Friday, August 05, 2011

Book Review: Blood, Bones and Butter by Gabrielle Hamilton

Title/Author: Blood, Bones and Butter: The Inadvertent Education of a Reluctant Chef, by Gabrielle Hamilton
Genre: Memoir? She's just my age, so it's too soon in her life to be an autobiography, right?
Will you like it? You might like this book if you're a foodie, or if you like gritty tales of survival, coming of age, and lives lived outside of conventional boundaries. 
Note to sensitive readers: It has a lot of profanity and some very, shall we say, earthy descriptions of the vagaries of restaurant life. 

Gabrielle Hamilton is the Chef/Owner of Prune, a restaurant in New York City with just 30 seats and a huge following. She fell into the food and restaurant business sort of sideways and her story is actually really interesting. She decided to open a restaurant not because she was a trained chef with an ambition to have a show on the Food Network, but because she wanted people to be fed and actually nourished the way she felt nourished (after a period of near starvation while backpacking around Europe) in a little hole-in-the-wall restaurant on a remote Greek island. I really admire her lack of desire for fame and fortune. It really is all about the food for her. And the writing. The writing is beautiful.   From the beginning,  I couldn't put it down, so to speak. Actually I couldn't close my laptop because I was reading it on Adobe Digital Editions as an e-loan from my library. I guess we need some new terminology for this grand age of digital reading.
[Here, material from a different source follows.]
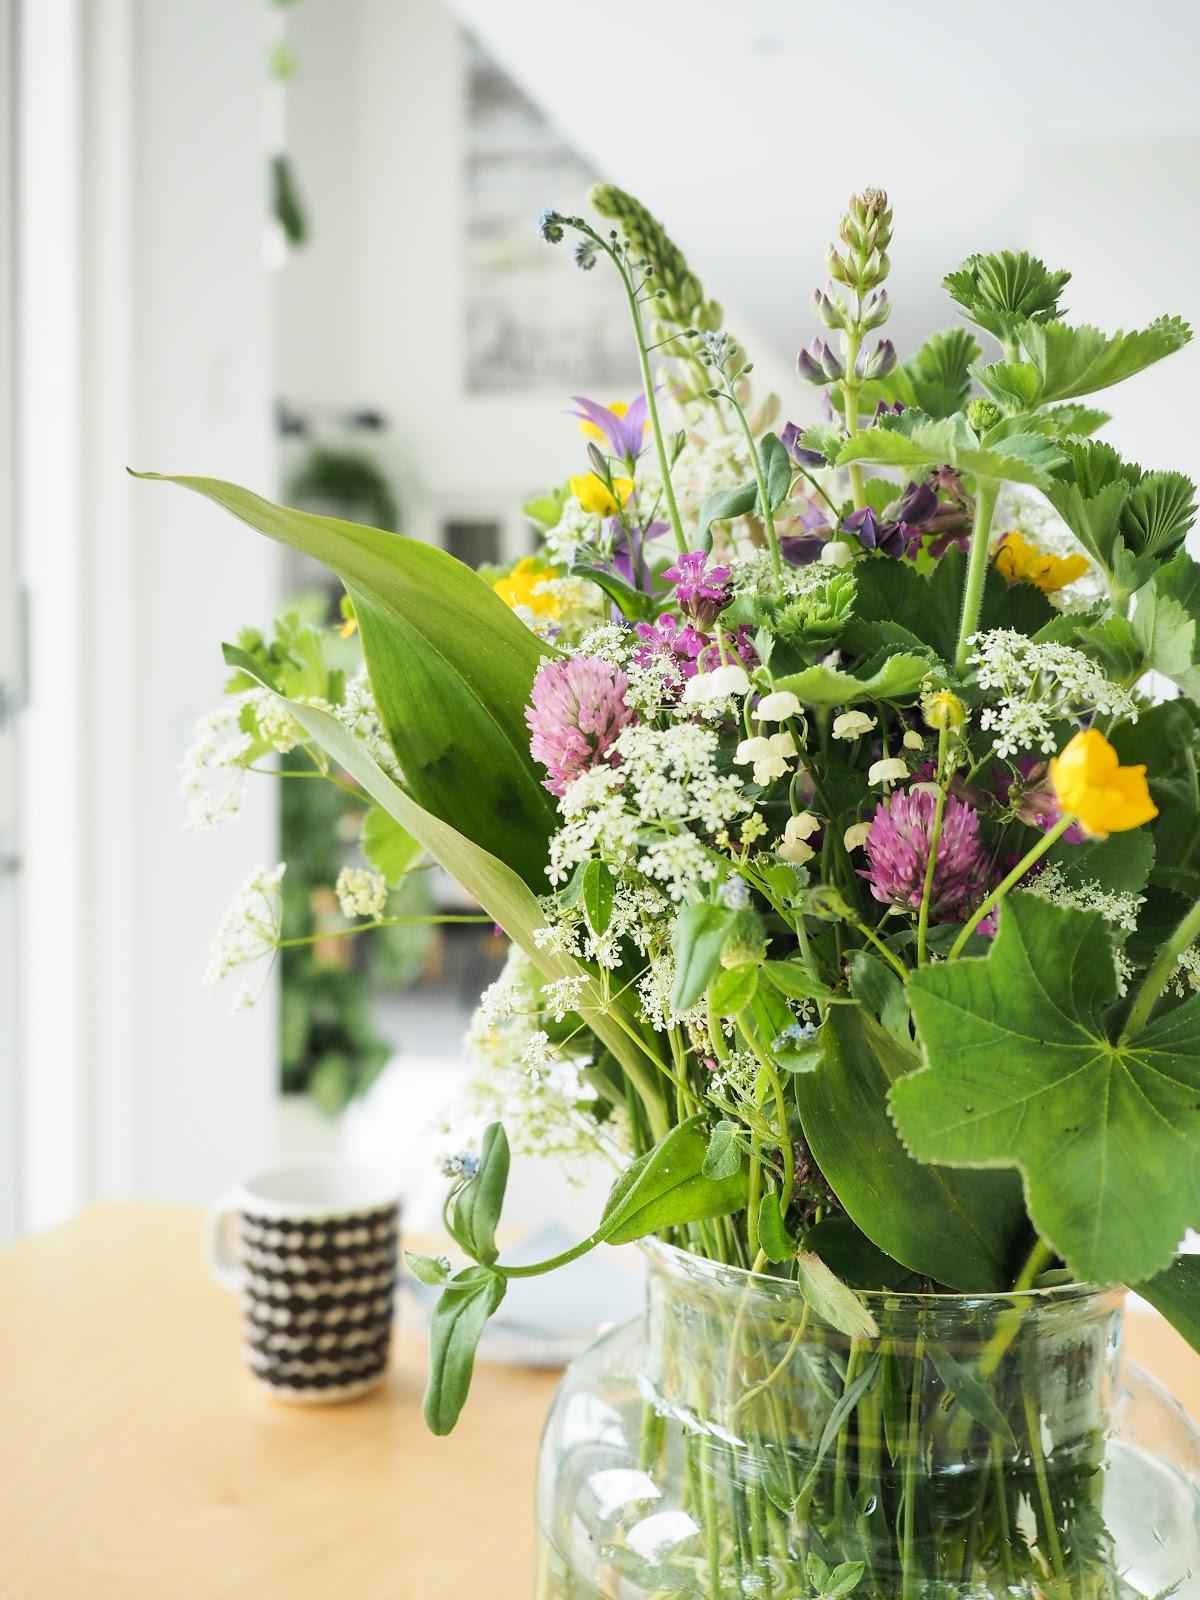 kesäkukkia, kukkakimppi, kaunis kukkakimppu

Anyway, as you might discern from the title, this is a highly visceral book and so sensorily sculpted that you can practically taste, see, smell and feel every single thing that she tells about. I really like that. I want to be able to use food the way she does-as so much more than mere calories. The way she describes the food in this book is gorgeous.  She has not lived an easy life, but she is very, very, VERY honest about it (so hold on tight and be prepared to close your eyes occasionally). This quote from an interview in the NYTimes sums up the impetus behind the toothsome way she told her story:
Ms. Hamilton might scoff at fussy, doctrinaire belief systems when it comes to eating, but it’s safe to say that she does have a life philosophy, one that might be boiled down to the following roux: Life is messy. Get used to it.
“Books, movies, music, restaurants, advertising: something’s happened to us,” she said. “We’re not telling the truth. We don’t stink. We don’t have yellow teeth. We don’t have crooked teeth. We don’t have to suffer disagreement or pain or setbacks anymore. You can go to your doctor and get a pill — you don’t even have to be melancholy anymore, right? I mean, it’s just incredible what the new way of being is. We’ll see how that works out.”
I agree a lot with her chagrin at the sanitization of modern life. I like the idea of actually experiencing what is really going on around me. Not that I don't love my conveniences and the structure that my upbringing has given my own life, don't get me wrong. I'm not trying to be romantic about anarchy or going back a century or anything, but there is something to be said for remembering the origin of things, for having balance to all the crutches we have available to us, for occasionally having to be uncomfortable in order to appreciate comfort, to be hungry in order to appreciate being filled.  There is a heartbreaking story in the  book, when she and her husband are visiting Italy and they are in this impossibly beautiful old villa by the sea that is his ancestral home and there is one of those rooms in the middle of the house with no ceiling. She is looking at the stars and he is right there, under the sky, looking down and mapping the constellations on his computer with google earth or something. She mourns the inauthenticity of his interaction with the world in that moment.  The way she writes it, in the context of their relationship, it made me cry.

The author's life is so completely, utterly different from my own, that one might think I would have nothing  to gain from reading such a sometimes sordid tale, but I found myself intrigued, incensed, incredulous, impressed, and then finally, inspired. I may seem to have little in common with her on the surface, but we're both humans, so underneath our skins I'm more like her than not, and she reminded me with her telling of her messy life that I need to remember passion and to value what's actually valuable.

1 comment:

  1. We saw her interviewed on Charlie Rose. Fascinating lady. Will put the book up a notch higher on my list after reading your thoughts.